Human traffickers target Roma

ROMA living in segregated settlements become the most frequent victims of human trafficking in Slovakia. The most endangered groups are young people aged 16-25 and men aged 25-35, the study of the People in Need Slovakia humanitarian organisation showed.

According to Timea Stránska, head of the People in Need, Roma are abused, especially for forced work, mostly in countries like the United Kingdom, the Czech Republic and Germany while in the UK this concerns especially cities like Peterborough, Sheffield, Leicester, Derby and Birmingham, the TASR newswire reported.

The Interior Ministry registered 30 persons – 21 women and nine men – who have become victims of human trafficking abroad in 2013.

However, it is just the number of those who voluntarily entered the programme for supporting protection of human trafficking victims, the SITA newswire reported.

Another revelation of People in Need’s report shows that victims of human trafficking are lured directly in the settlements after meeting with traffickers. Often it also happens that the victim is recruited by their distant relatives or someone from their surroundings, Stránska added, according to TASR.

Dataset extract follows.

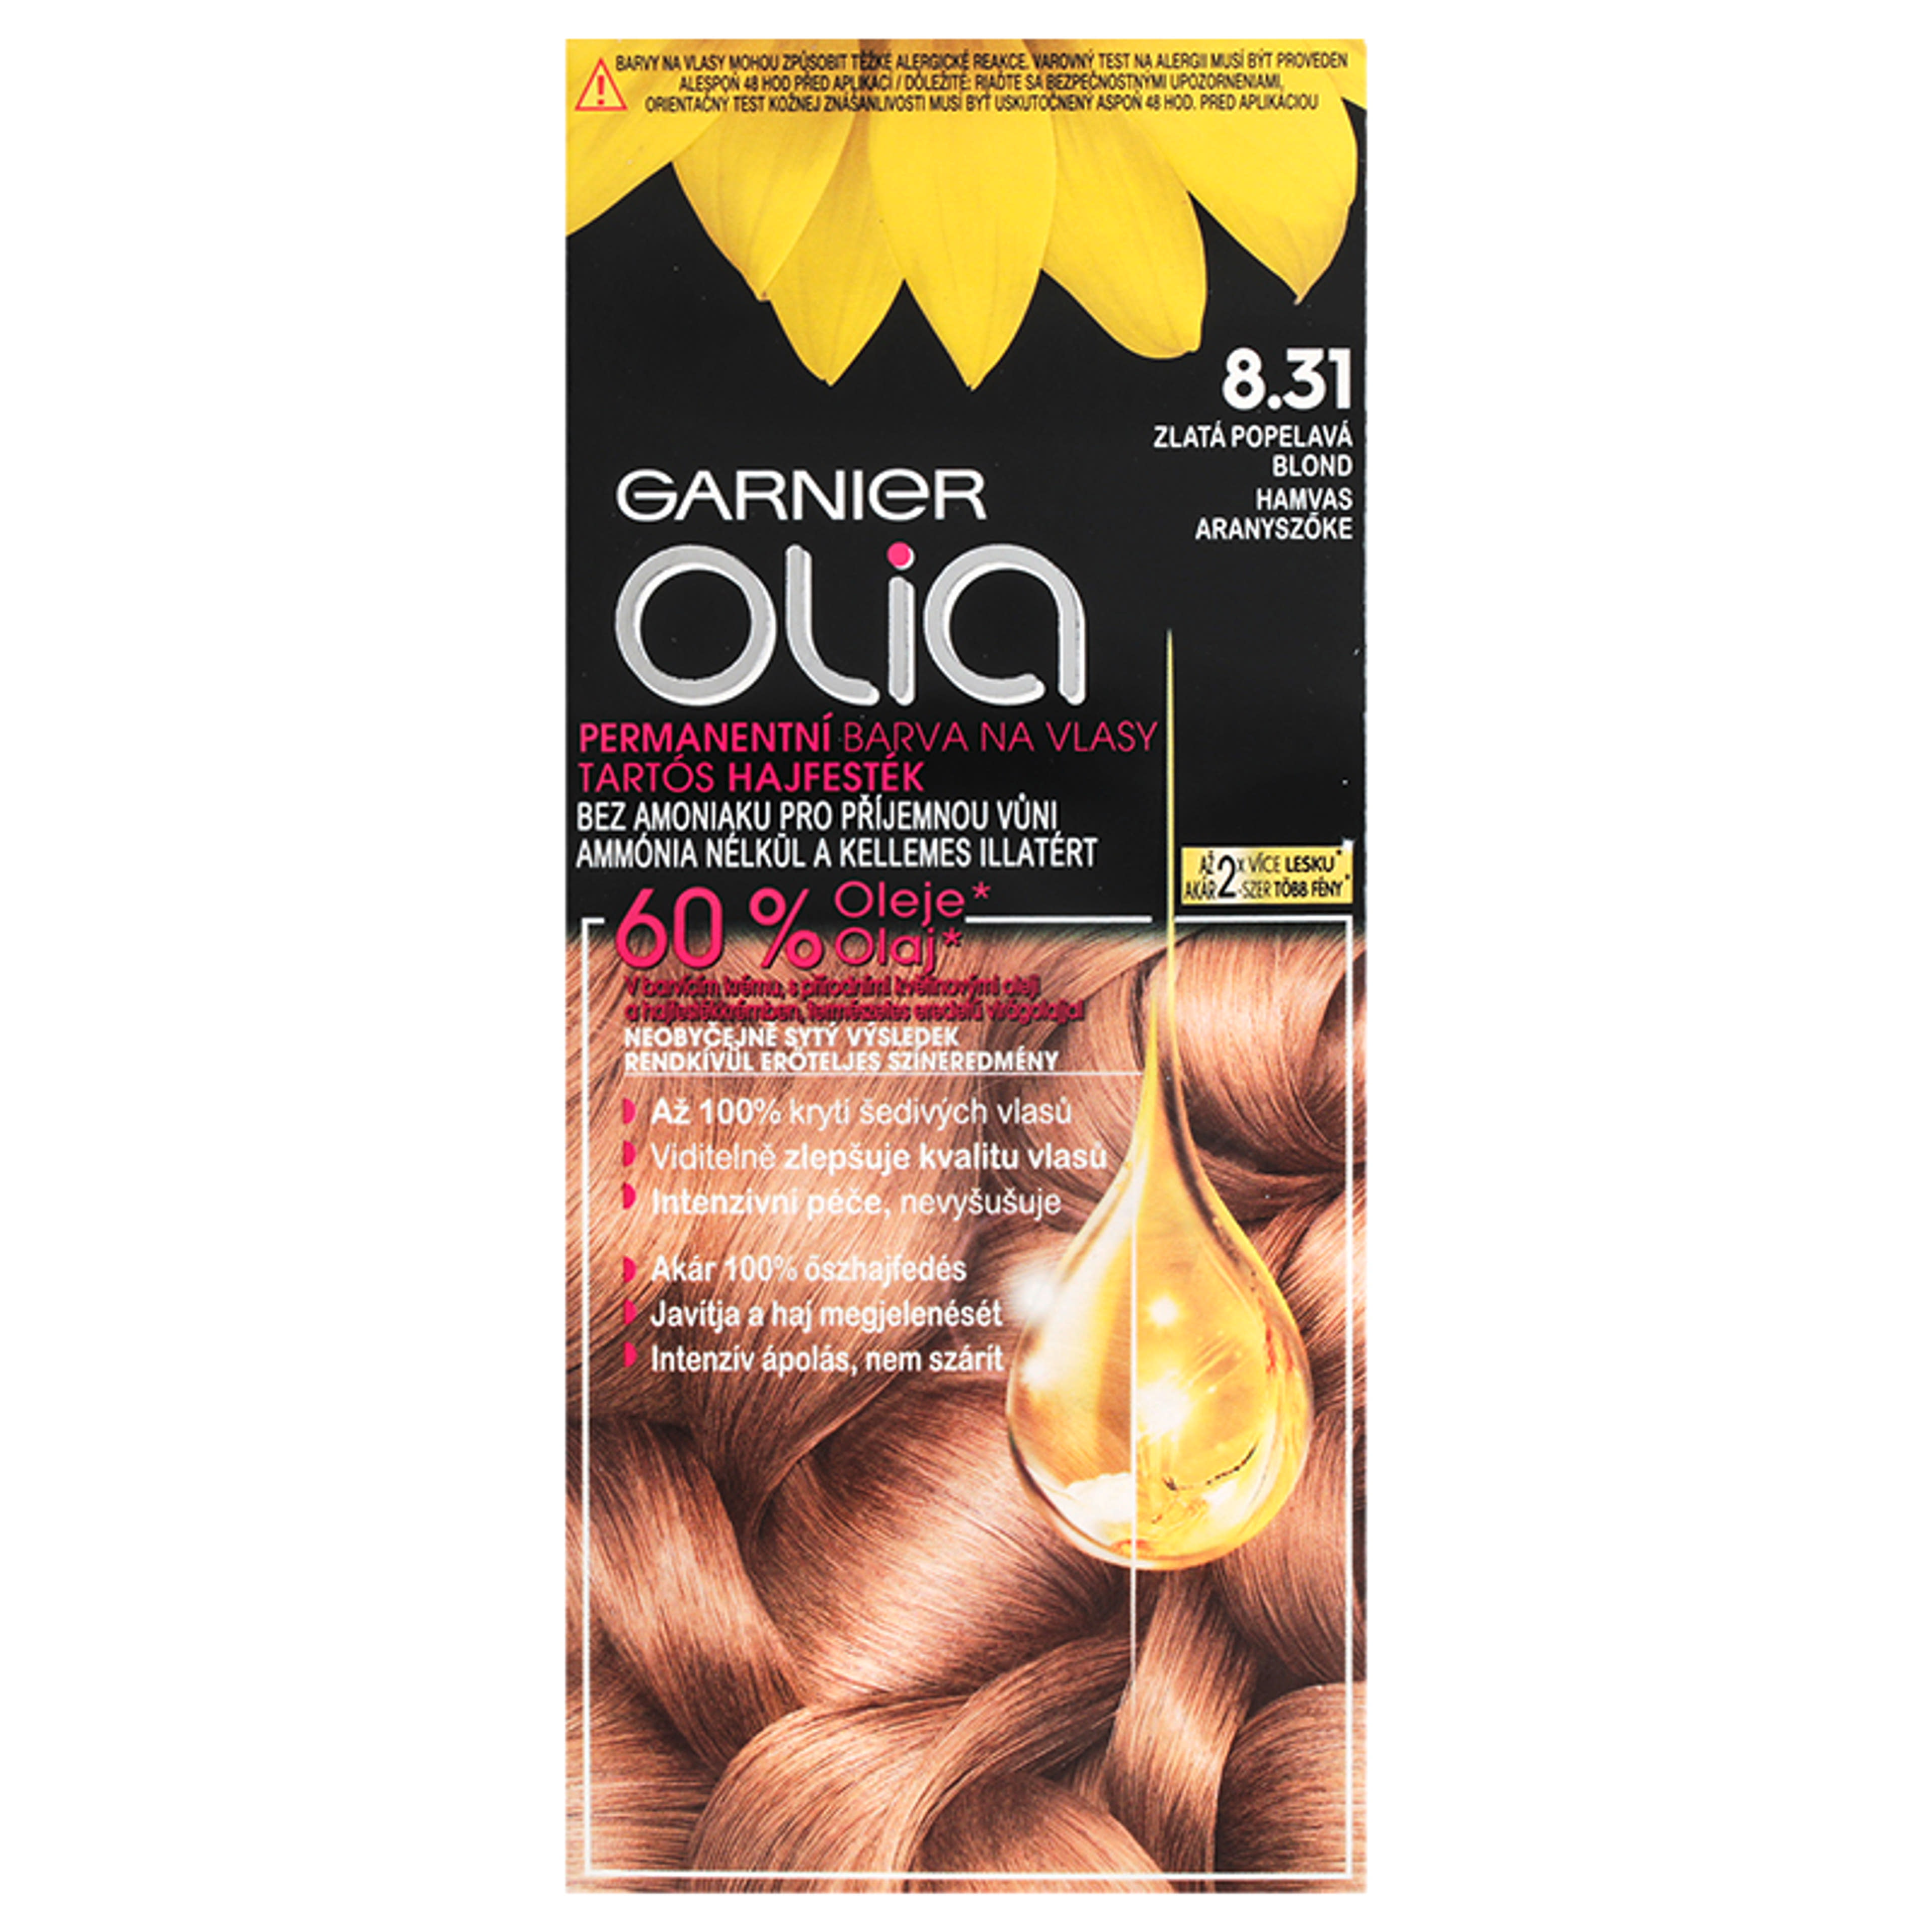 Garnier Olia tartós hajfesték 8.31 Hamvas aranyszőke - 1 db-2

Except for forced labour, the human trafficking victims are also abused for prostitution and begging. In cases of children, there are mostly cases when young Roma girls are forced to be prostitutes.

“We found out that in human trafficking the so-called cumulated exploitation starts to be used, which means that the victims are abused in two or three ways,” Stránska said, as quoted by TASR.
She also pointed to the fact that Roma from segregated localities only seldom turn to the police, mostly because of fear, mistrust or weak legal awareness.